This posted was motivated by Rob Rix’s bug report on NSObject, “Split NSObject protocol into logical sub-protocols”. He notes that NSObject
provides multiple responsibilities[*]: hashing, equality checking, sending messages, introspecting and so on.
What that bug report didn’t look at was the rest of NSObject
‘s functionality that isn’t in the NSObject
protocol. The class itself defines method signature lookups, message forwarding and archiving features. Yet more features are added via categories: scripting support (Mac only), Key-Value Coding and Key-Value Observing are all added in this way.
I wondered whether this many responsibilities in the root class were common, and decided to look at other object libraries. Pretty much all Objective-C object libraries work this way: the Object
class from ObjPak, NeXTSTEP and ICPak101 (no link, sadly) all have similarly rambling collections of functionality.
[*] By extension, all subclasses of NSObject
and NSProxy
(which _also_ conforms to the NSObject
protocol) do, too.
Another environment I’ve worked a lot in is Java. The interface for java.lang.Object
is mercifully brief: it borrows NSObject
‘s ridiculous implementation of a copy method that doesn’t work by default. It actually has most of the same responsibilities, though notably not introspection nor message-sending: the run-time type checking in Java is separated into the java.lang.reflect
package. Interestingly it also adds a notification-based system for concurrency to the root class’s feature set.
C#’s System.Object
is similar to Java’s, though without the concurrency thing. Unlike the Java/Foundation root classes, its copy operation (MemberwiseClone()
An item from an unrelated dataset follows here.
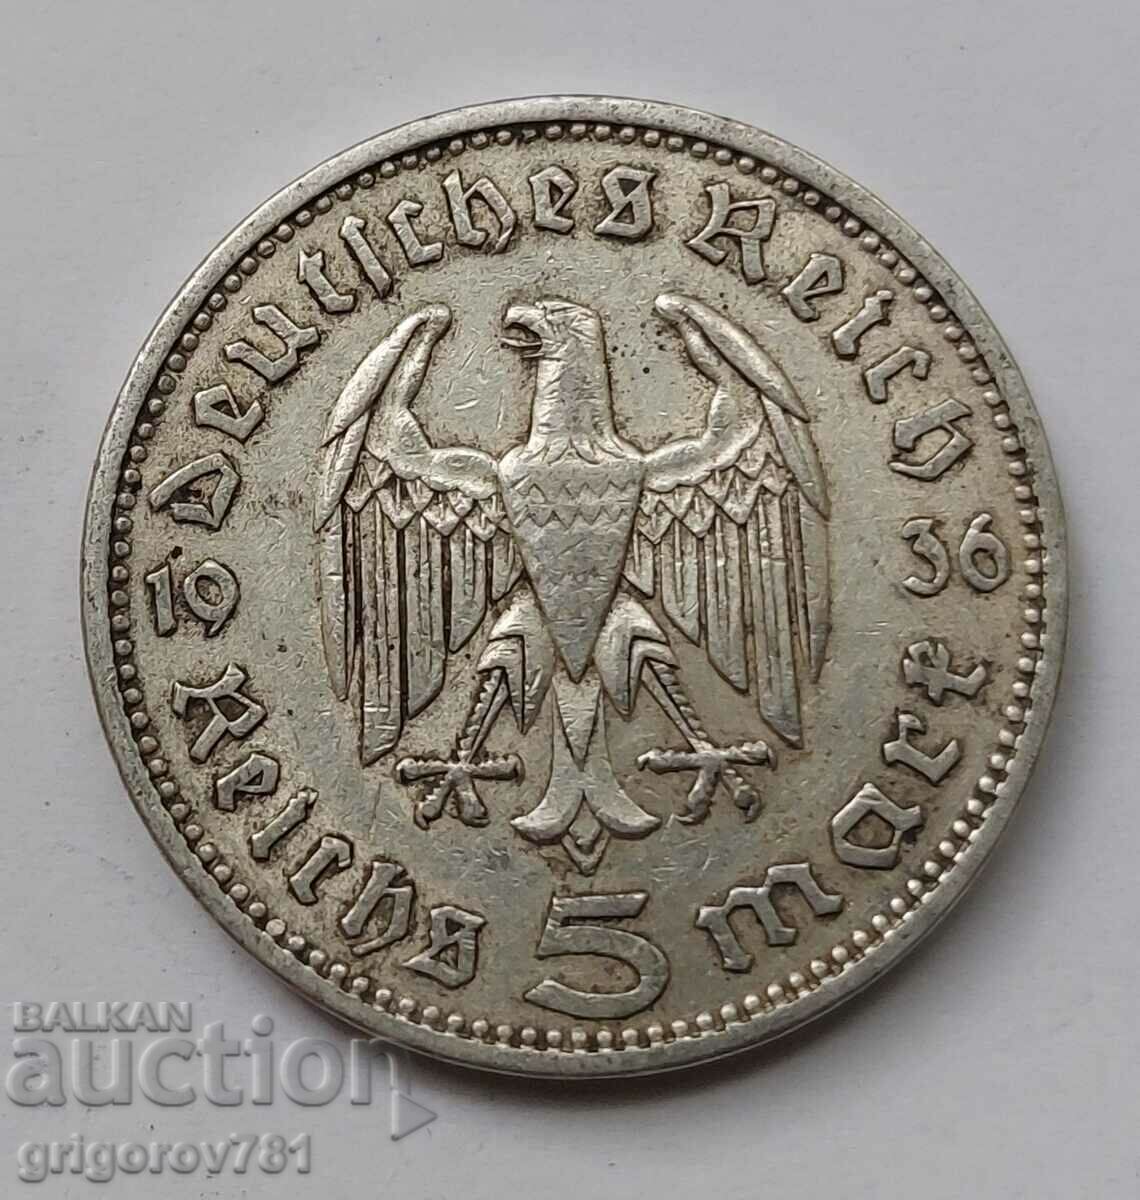 5 Mark Silver Γερμανία 1936 A III Reich Silver Coin #42

) actually works, creating a shallow copy of the target object.
Things get a bit different when looking at Ruby’s system. The Object
class exposes all sorts of functionality: in addition to introspection, it offers the kind of modifications to classes that ObjC programmers would do with runtime functions. It offers methods for “freezing” objects (marking them read-only), “tainting” them (marking them as containing potentially-dangerous data), “untrusting” them (which stops them working on objects that are trusted) and then all the things you might find on NSObject
. But there’s a wrinkle. Object
isn’t really a root class: it’s just the conventional root for Ruby classes. It is itself a subclass of BasicObject
, and this is about the simplest root class of any of the systems looked at so far. It can do equality comparison, message forwarding (which Objective-C supports via the runtime, and NSObject
has API for) and the ability to run blocks of code within the context of the receiving object.
C++ provides the least behaviour to its classes: simple constructors that are referenced but not defined can be generated.
It’s useful to realise that even supposedly simple rules like “single responsibility principle” are situated in the context of the software system. Programmers will expect an object with a “single” responsibility to additionally adopt all the responsibilities of the base class, which in something like Foundation can be numerous.